Enquanto esperava o café pensava na sua sorte grande. Despretensiosamente começou um papo com ela sobre a cidade e o crescimento desordenado… ela entrou no assunto com entusiasmo. Falou sobre questões urbanísticas, criticou a prefeitura e explicou sobre os problemas de circulação pela cidade. Não é só um trânsito caótico, é uma cidade sem planejamento para as pessoas caminharem, pedalarem, ou mesmo viverem. Gente na rua é sinônimo de problema para a prefeitura e para a PM. Ela disse as últimas frases com força, quase um manifesto político.

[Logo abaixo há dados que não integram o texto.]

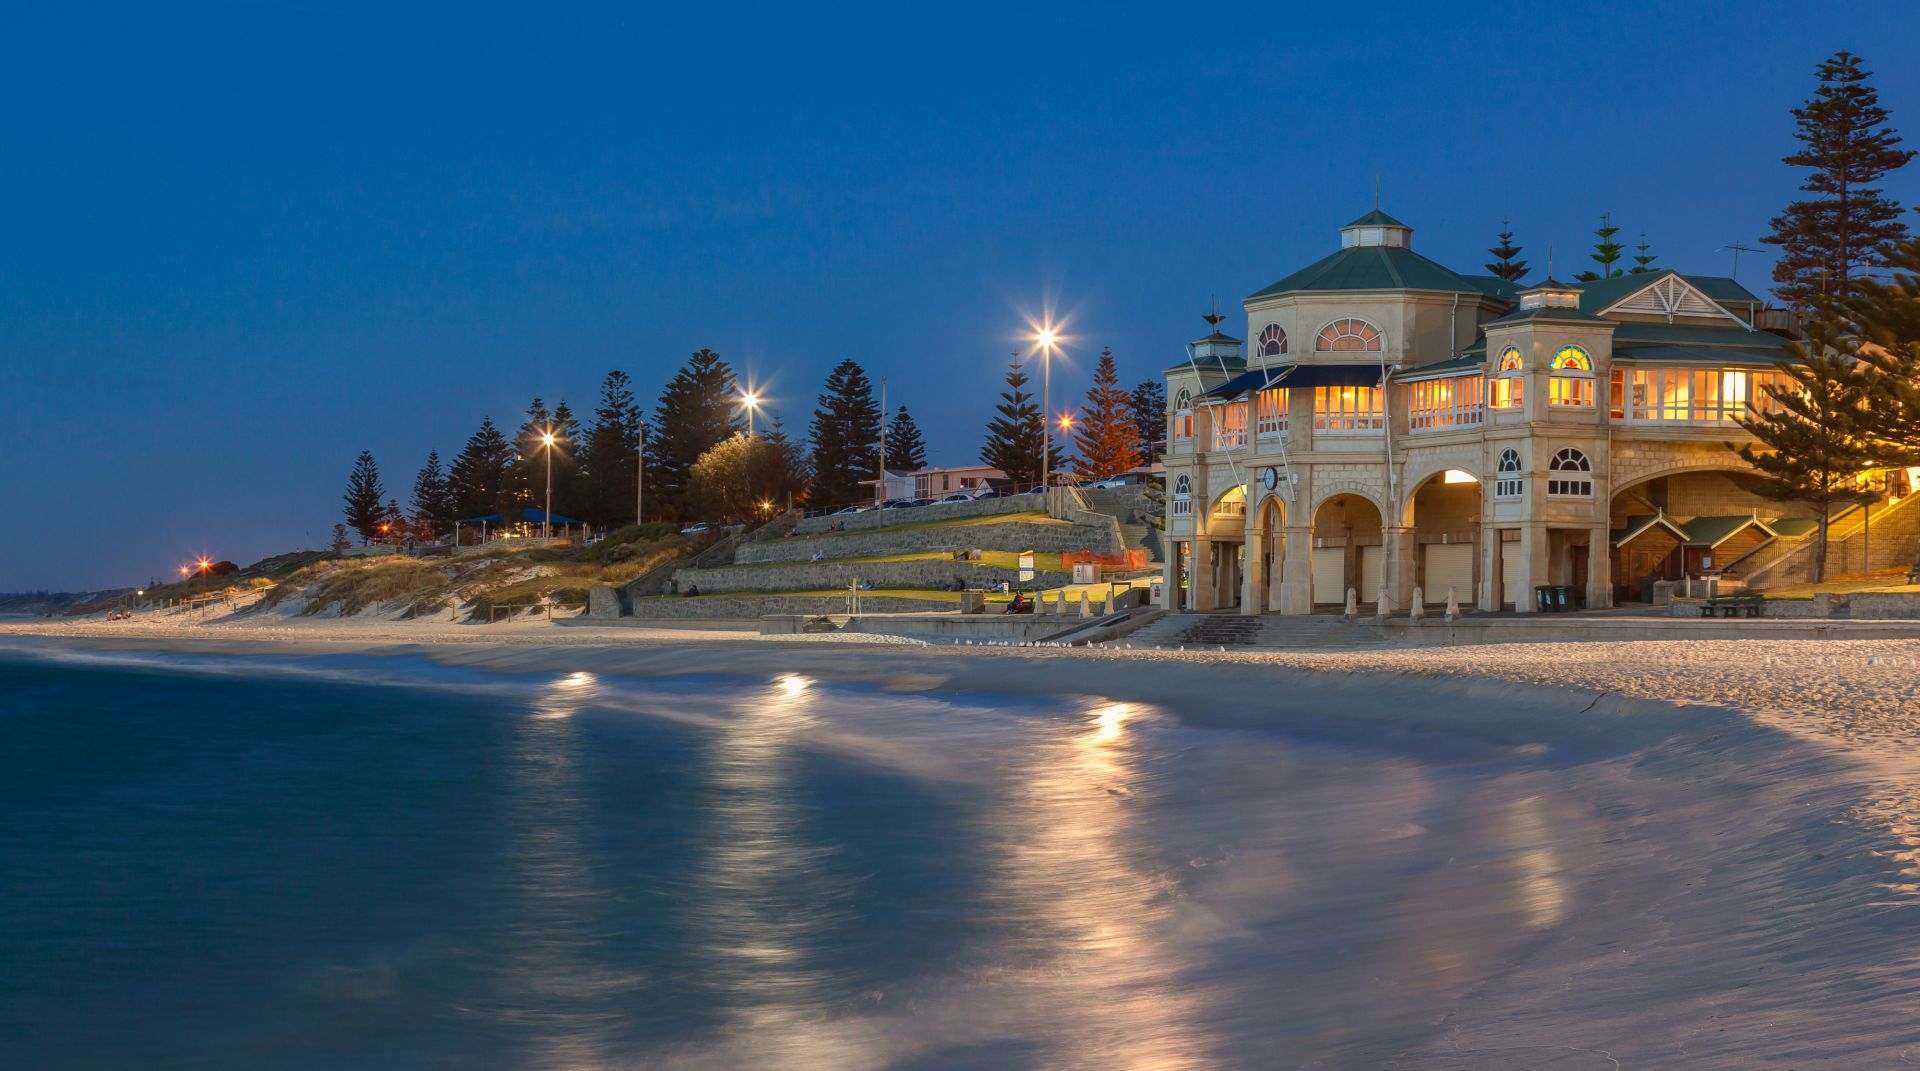 Pohled na moře v Perthu
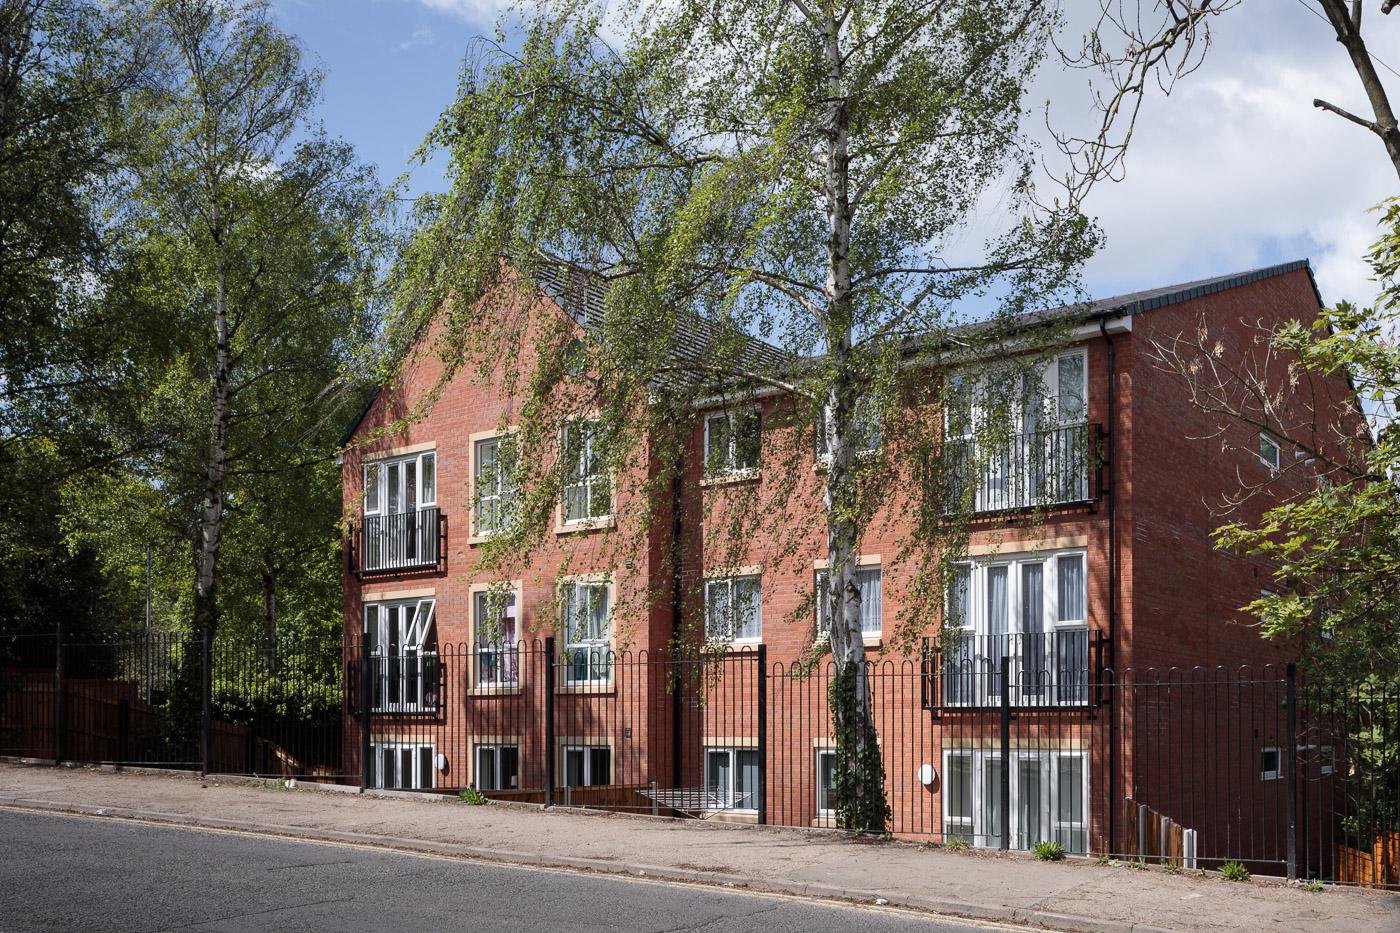 Birch_View,_Mill_Hill_Lane,_Derby.jpg

Café, leite, mamão com iogurte e granola, pão com manteiga, tudo arrumado em uma grande travessa. Agradeceu com beijos e carícias. Comeram com calma, falaram pouco, trocaram muitos olhares, era um momento de contemplação e degustação. Estavam se experimentando, se gostando e percebendo o tanto que tinhamem comum. Elelembrou do tempo de baixa estima em que sonhava com ela e tinha uma certeza: ela nunca lhe daria bola, era muita areia para o seu caminhão.

– Ah, vou pegar o lap top para a gente ver algumas coisas. Tem um site de uma amiga que é muito legal. Tem haver com o papo de ontem, sobre a cidade, ocupação de praças, estas coisas de quem não quer viver em gaiola.

– Legal, quero ver!

– Olha que legal estas fotos que ela fez das calçadas. É aquela idéia de ver bichos em nuvens, sabe? Só que é ver formas nas calçadas remendadas. Olha se não é uma andorinha aqui nestas pedras portuguesas?

– Oh é mesmo.

Depois de muitas fotos e conversas sobre a cidade, que parecia ser o objeto de amor eterno dos dois, ele sugeriu:

– Posso lhe mostrar o meu blog?

– Eu já conheço.

– É mesmo?

– Sim. Leio toda semana.

– Que massa! E tem gostado? Pode criticar de verdade. Gosto de críticas, me ampliam os horizontes.

– Mesmo se você não gostar do que eu vou falar.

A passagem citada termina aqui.